Now that you are all set with your very own home-grown scoby, it’s time to start brewing kombucha tea. This first step is to brew some regular sweet tea and then ferment it.
What you need
- water
- 1 gallon glass jar*, very clean
- 2 cups white sugar
- 8 bags of black tea
- 2 cups of mother-brewing liquid (or store-bought kombucha)
- 1 scoby
- a tea towel and elastic
*I bought this one from amazon.ca because it has a spigot at the bottom for easy pouring.
What you do
- Measure out a bit less than a gallon by filling your jar to about 80% with water. Pour the water in a large pot and bring to a boil.
- Stir in the sugar, then drop in the tea bags.
- After about 10 minutes (longer for stronger tea), remove the tea bags and allow the tea to completely cool.
- Sir in the kombucha liquid, then pour the whole thing into your jar.
- With a clean hand, slide in the scoby so she floats at the top of the jar (it’s okay if she tilts or sinks a little).
- Cover with a cloth and seal with the rubber band. Store in a cool dry place out of direct sunlight where it will not get jostled.
- Wait (watch how your little mother grows!) and start tasting your tea after 7 days. The tea will go from sweet to tart as it ferments, so find a balance that pleases you.
- Pour out your kombucha into a clean glass pitcher. Reserve 2 cups of the liquid to start your next batch
- With clean hands, remove the mother and park her on a clean plate. If she is getting very thick, you can remove a bottom layer.
- To start the next batch of kombucha, clean out your fermenting jar and go back to step 1.
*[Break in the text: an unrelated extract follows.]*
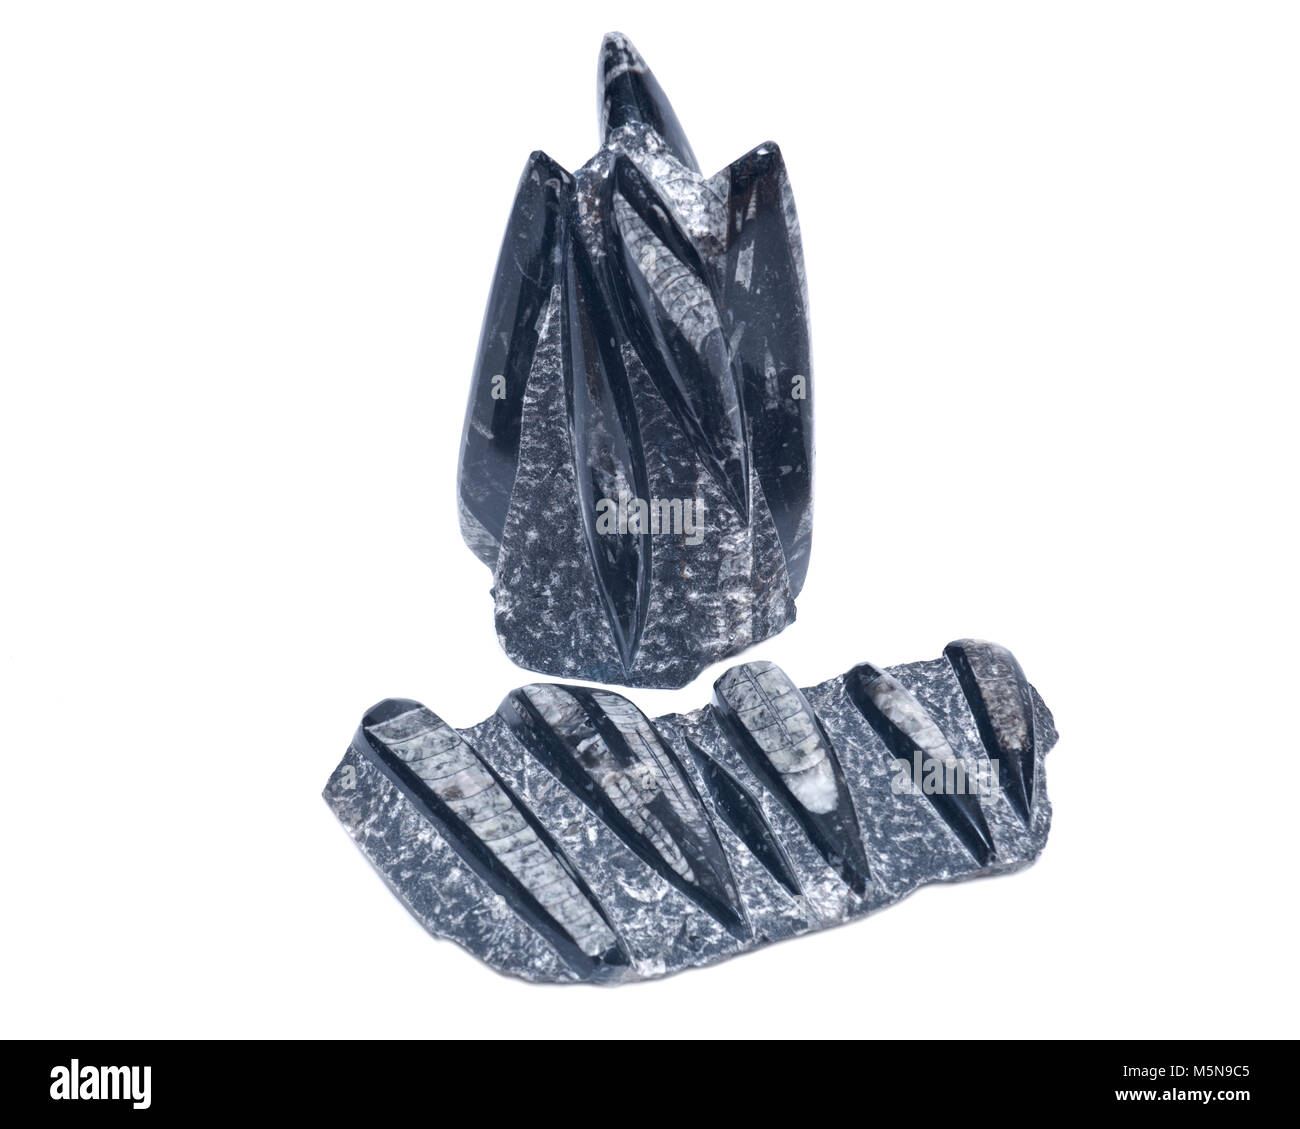 Orthoceras énorme sculpture fossiles de marbre noir isolé sur fond blanc Banque D'Images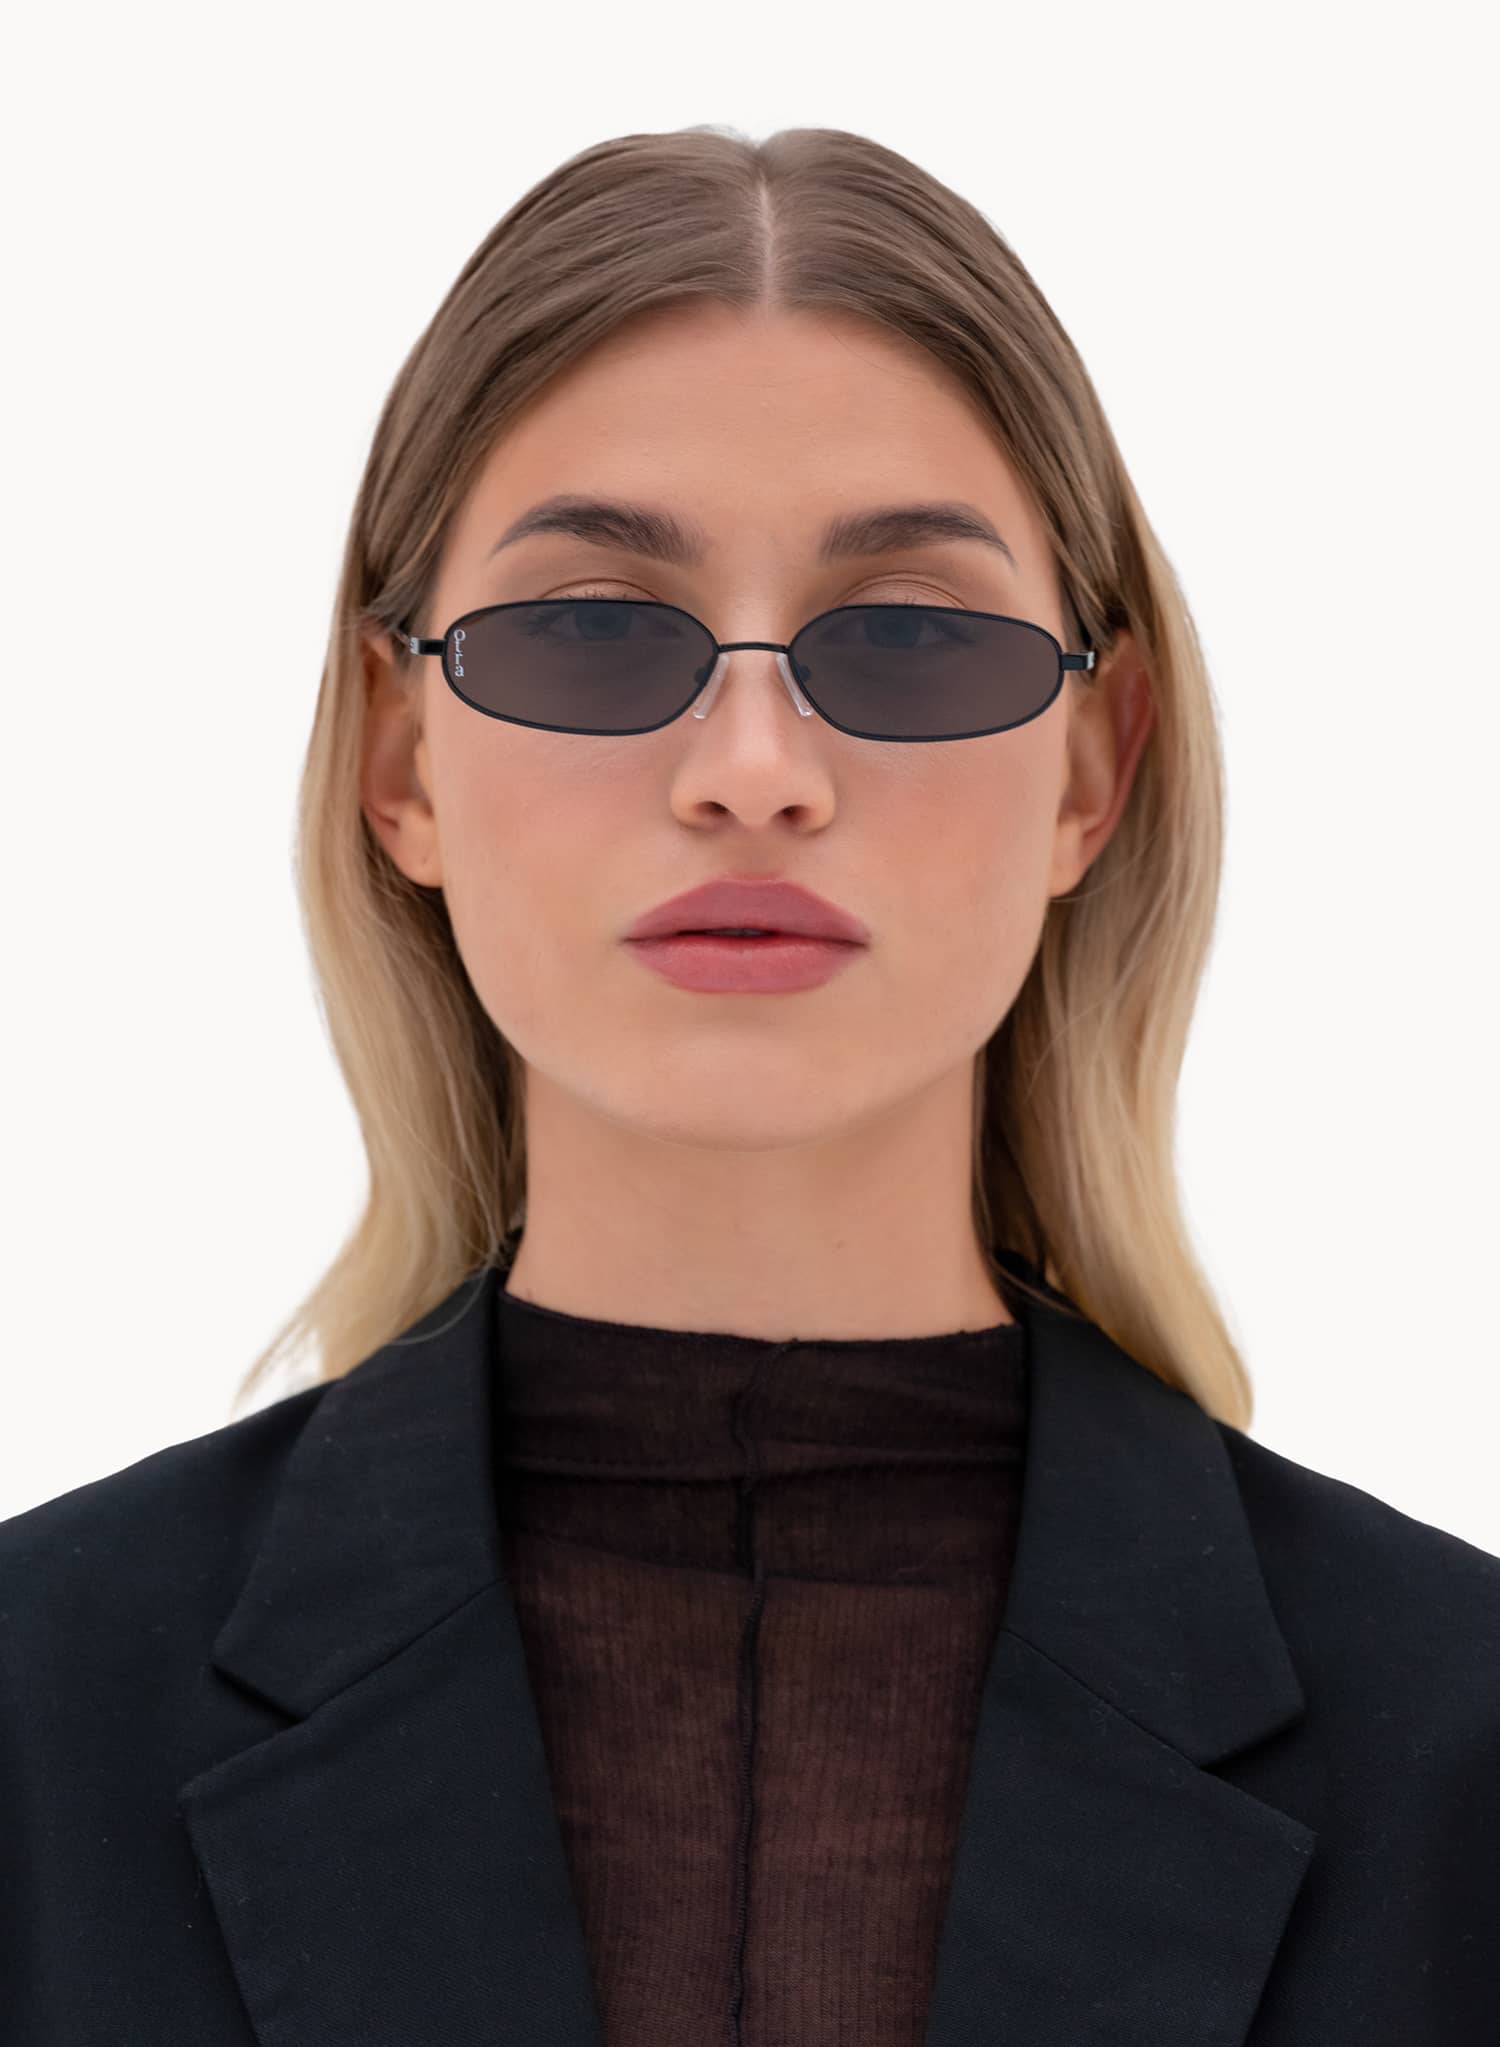 Model wearing Drew slim metal sunglasses in black

The next step in making your first batch of tea is to add flavouring. The good news is that this second fermentation only takes a few days.
What you need
- seal-able glass or plastic vessels
- flavouring*
*There are really no wrong answers here. Flavour the tea with whatever fruits and/or herbs you have on hand or fancy at the time. I had some pineapple in the fridge and some mint in the garden. It sounded like a good summertime combo. I’m calling it the piña komjito. TM .
What you do
- Cut up the fruit very finely, something between a dice and a mince. The larger the surface area, the more yummy flavour will steep into the tea.
- Add about 2 cups of flavouring to the gallon of tea and seal.
- If using glass bottles or jars, it’s a good idea to contain them in a cooler or other bin. If too much carbonation happens too quickly, there is a chance the glass will shatter.
- Wait 1 to 3 days for the flavour to infuse.
Only one more step to go! In a few days you will be drinking your delicious home made kombucha. The third and final step is to carbonate the tea.
What you need
- seal-able glass or plastic drinking vessels
- a strainer
What you do
- Strain your kombucha to separate it from the flavouring agents.
- Pour into bottles (these can be the same one you used for the second ferment -just washed out- or smaller serving sized containers) and seal.
- Again, if using glass, place in a cooler to contain possible explosions.
- Wait 1 to 3 days to build up carbonation.
- A baby scoby may form on the surface (just like when we made our own mother!). Just scoop out and discard.
That’s it! The kombucha is ready to drink. Keep the bottles in the fridge (to stop further fermentation) and consume within a month.
So far Liam and I are loving having our own almost-limitless source of kombucha; although we are restricting ourselves to half a bottle a day each. We haven’t been buying any from the store as ours is just as good, much less expensive, and (surprisingly) simple to make! For the next batch I will play around for a few different flavours so that we have some variety at home too.
I hope you enjoyed following along while I chronicled my kombucha journey. If you are not inspired to get your own symbiotic colony of bacteria and yeast working for you at home, maybe you’re at least more likely to give a store-bough bottle a try. I guarantee your tummies and your taste buds will thank you. Happy brewing!